"""

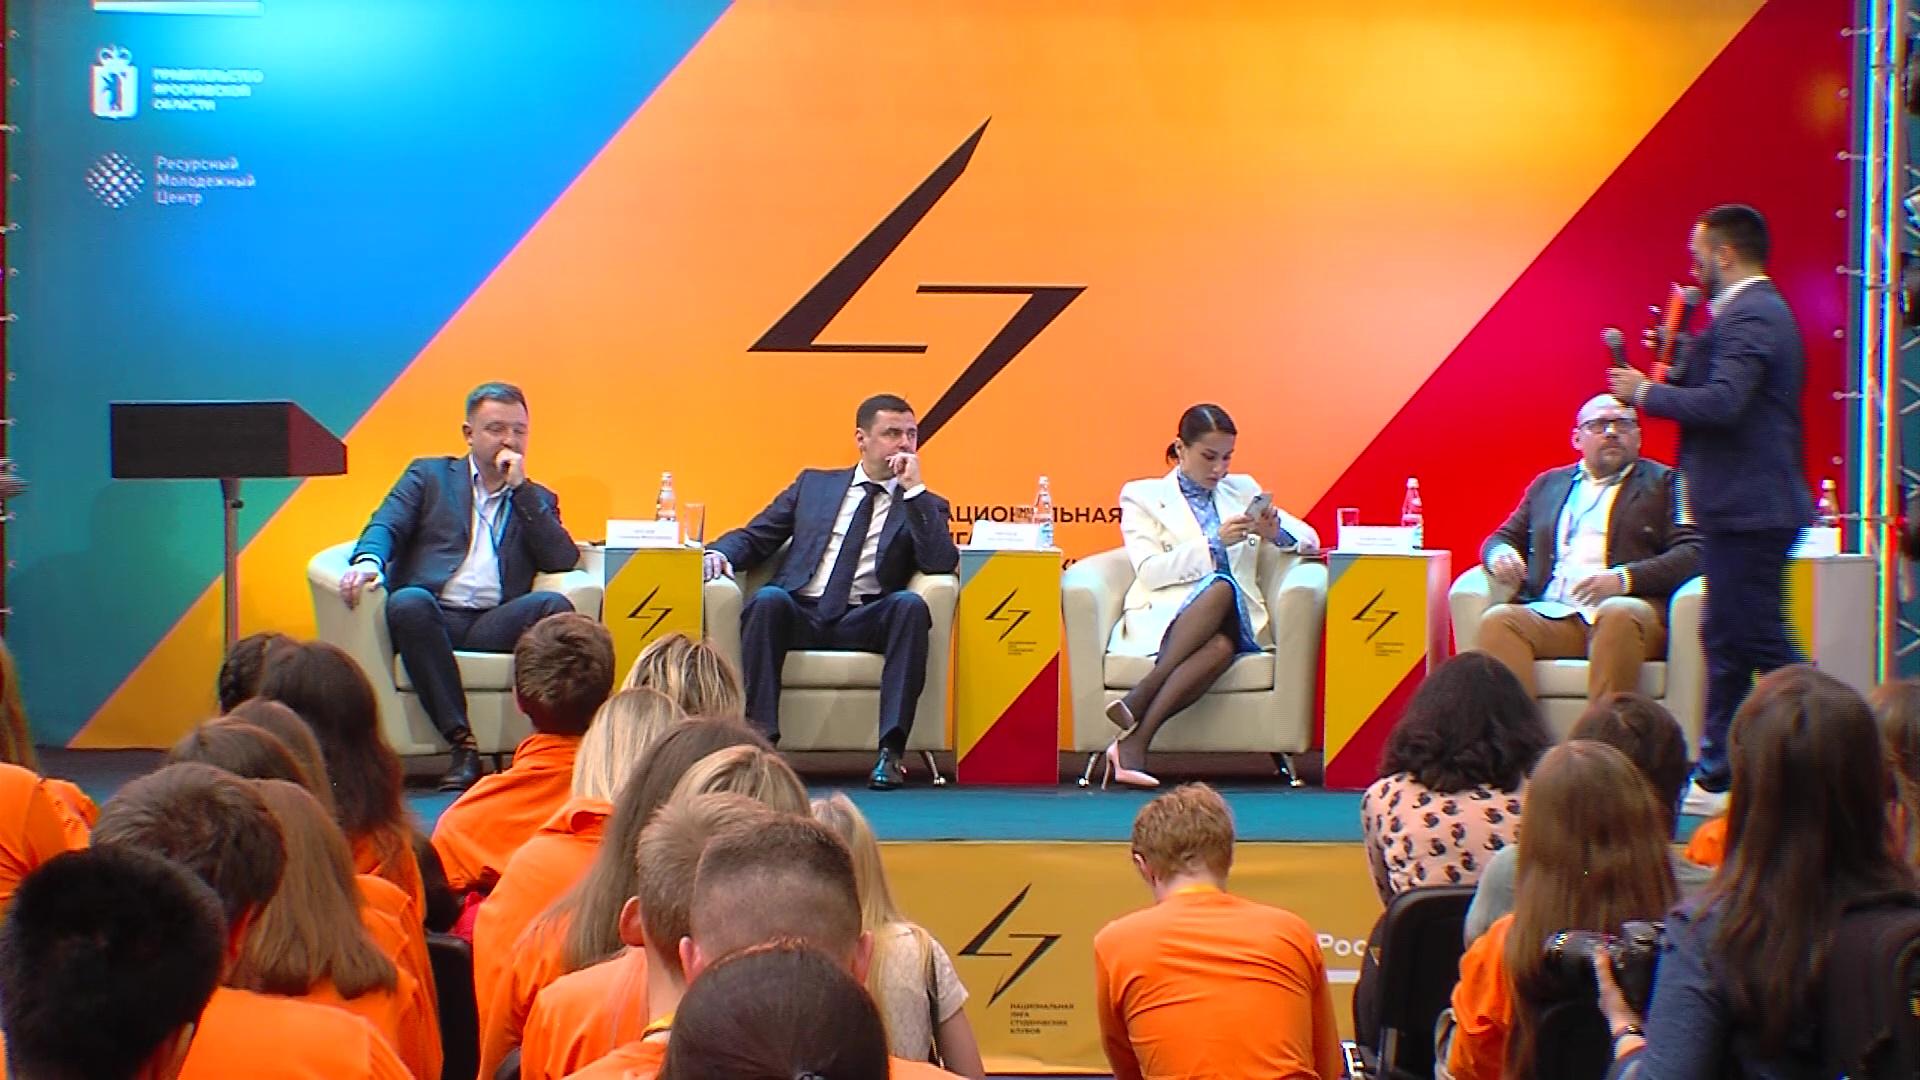 Объятья с Тиной Канделаки, тренды современности и носки с апельсинами: в Ярославле стартовал слет лидеров НЛСК
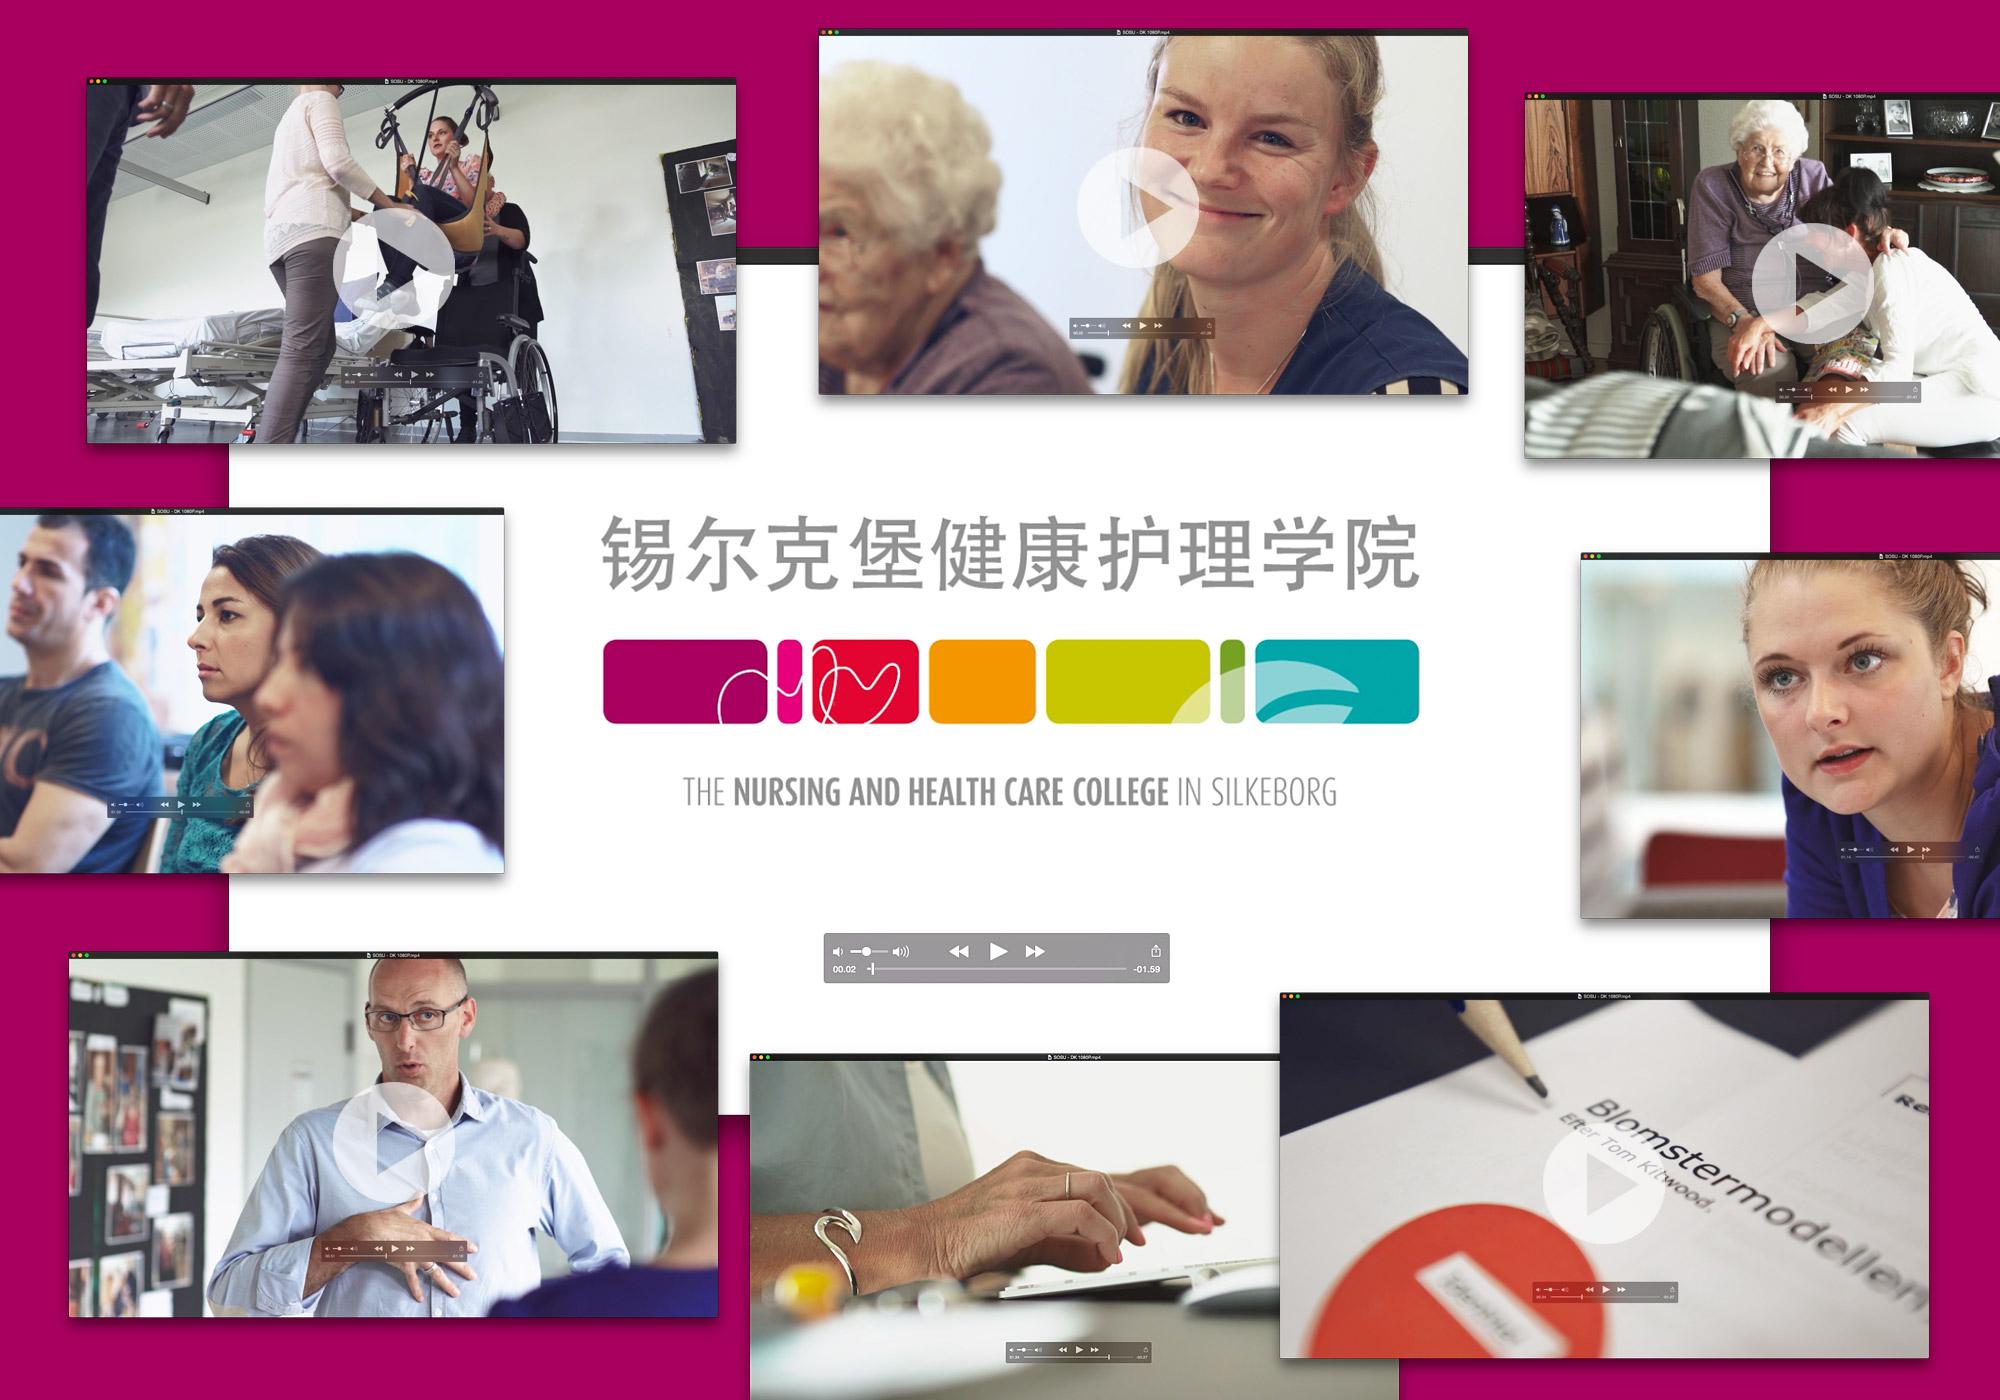 SOSU-chinafilm.jpg
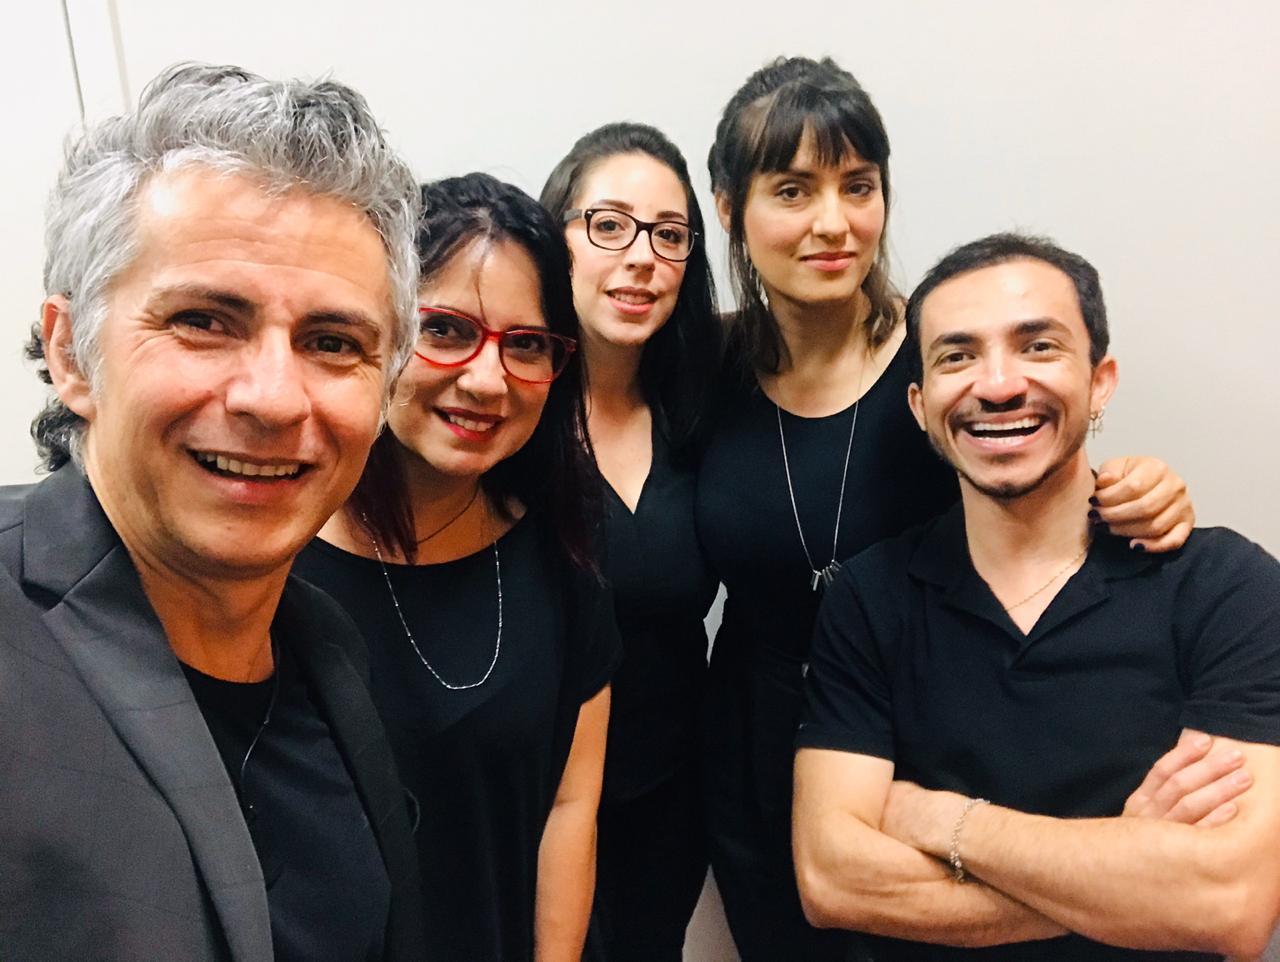 Cabeleireiro e maquiador oeirense participa de reality show no 'Hoje em Dia' da Record TV 4

"""

## PROMPT
Reproduce the listing in full and exactly, excluding any pictures it holds.

## RESPONSE AREA
 Объятья с Тиной Канделаки, тренды современности и носки с апельсинами: в Ярославле стартовал слет лидеров НЛСК
 SOSU-chinafilm.jpg
 Cabeleireiro e maquiador oeirense participa de reality show no 'Hoje em Dia' da Record TV 4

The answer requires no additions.